Owner of several successful businesses, and president of her industry’s North American association, she was well recognized on the flight. She has a vague memory of lying on the floor at the luggage carousel. When she came to, out of her blackout, she was unpacking her clothes in her hotel suite. Minutes later, there was a knock at the door, and a colleague arrived with a large jug of Kentucky bourbon. The next morning it was breakfast.
This was Alex’s last hurrah—and a very public one at that. On the conference floor, an old friend confronted her: “What did you do on that plane yesterday? Everyone is talking.” Turns out, airport security had escorted her to the luggage carousel, where she had passed out. Those who recognized her persuaded security to release her. Says Alex: “In a blackout, I got myself from the airport to the hotel room. By that point, I was a functioning blackout drinker. I ended up drinking for the next four days.”
Impeccably fit, confident, and articulate, Alex sold her three companies ten years ago in a series of multimillion-dollar deals. The Las Vegas incident is now twenty-two years in the past, and she is generous with the details concerning what led up to that fateful trip.
The pivotal incident in her childhood was the death of her younger brother: hitchhiking at the age of thirteen, he was killed by a drunk driver. Alex was fifteen, and “all hell broke loose in our family.” Her mother was sedated; her father’s drinking escalated. “There was no grieving or consoling as we know of it today, no hugging. It was very brutal. It certainly changed things in my family.” Most of all, Alex felt incredible guilt: she had noticed that night that her brother wasn’t in his bed, and decided not to tell her parents. She felt “quietly responsible” for his death.
Within months, she had her first drink, and experienced her “first of hundreds of blackouts.” Downing two-thirds of a bottle of rye within a half hour, she threw up everywhere and ended up with a huge bruise on her face. The next morning, uncertain of what had happened, she put on her tennis clothe
s and headed to school. The incident was all over the school. “It was complete humiliation,” she says. “I was honor athlete of the year, Miss Goody Two-shoes, and it turns out two guys had had to hold me over the toilet for most of the night. I didn’t drink again until university.”
At twenty-three, she launched herself in the family business, working for a company based in Dallas, a division of a multinational. There she did a one-week boot camp in sales, and then stayed on the road for the following year. Seven days a week, she stayed in hotels and motels, some so sketchy she slept with the lights on. Within six months, she had increased sales by 400 percent. “I loved the product, I loved the work, I loved my customers. I was in heaven.”
She was also drinking daily. “I would drink on planes, drink in hotels.

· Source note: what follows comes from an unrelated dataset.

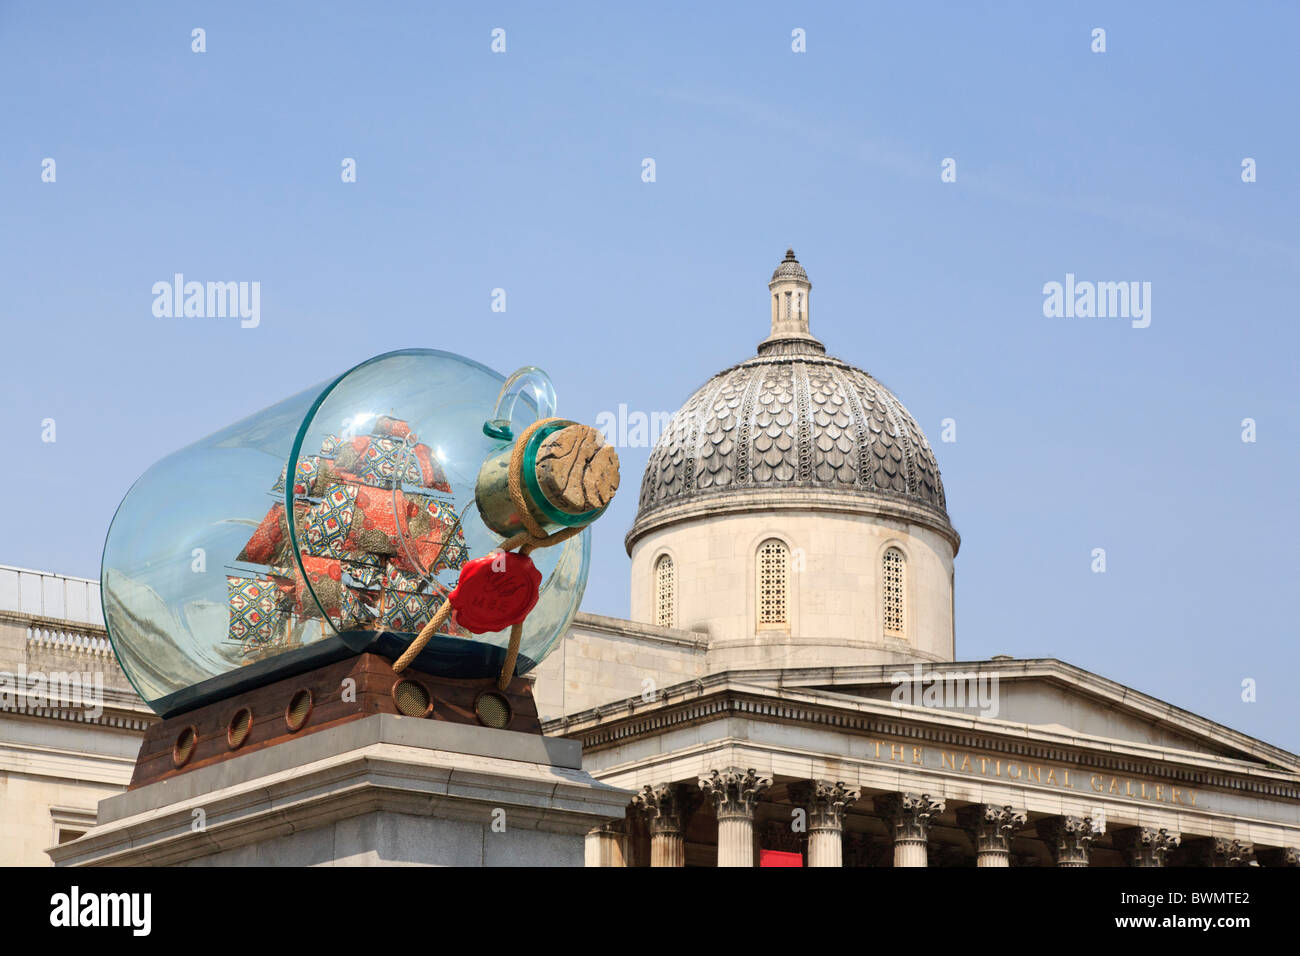 Nelson's Ship in a bottle by Yinka Shonibare on the 4th plinth in Trafalgar Square with the dome of the National Gallery Stock Photo

I drank to blackout all through my twenties, and it would not be unusual for me to take someone home—and not know them in the morning. I was doing all sorts of inappropriate things with inappropriate people.”
While Alex built a very successful company, it was fueled by undiagnosed bipolar disorder. “My creativity, ability to negotiate, and reserves of energy were when I was really manic. I was very speedy.” She negotiated deals until 3:30 a.m., chartering planes in the middle of the night, all stocked with full bars. “I was hugely manic. I would get to that agitated state and I could do eight more things than I am usually able to do.”
At thirty-four, she met Ian, a very successful older man, who said: “How can I help you make your business grow?” He helped her arrange the financing to buy two companies, and the two fell in love. Their honeymoon was spent on the road, working. Most of all, they drank together—a huge amount. “Two martinis before dinner, two bottles of wine with our meal, and then something else afterwards.”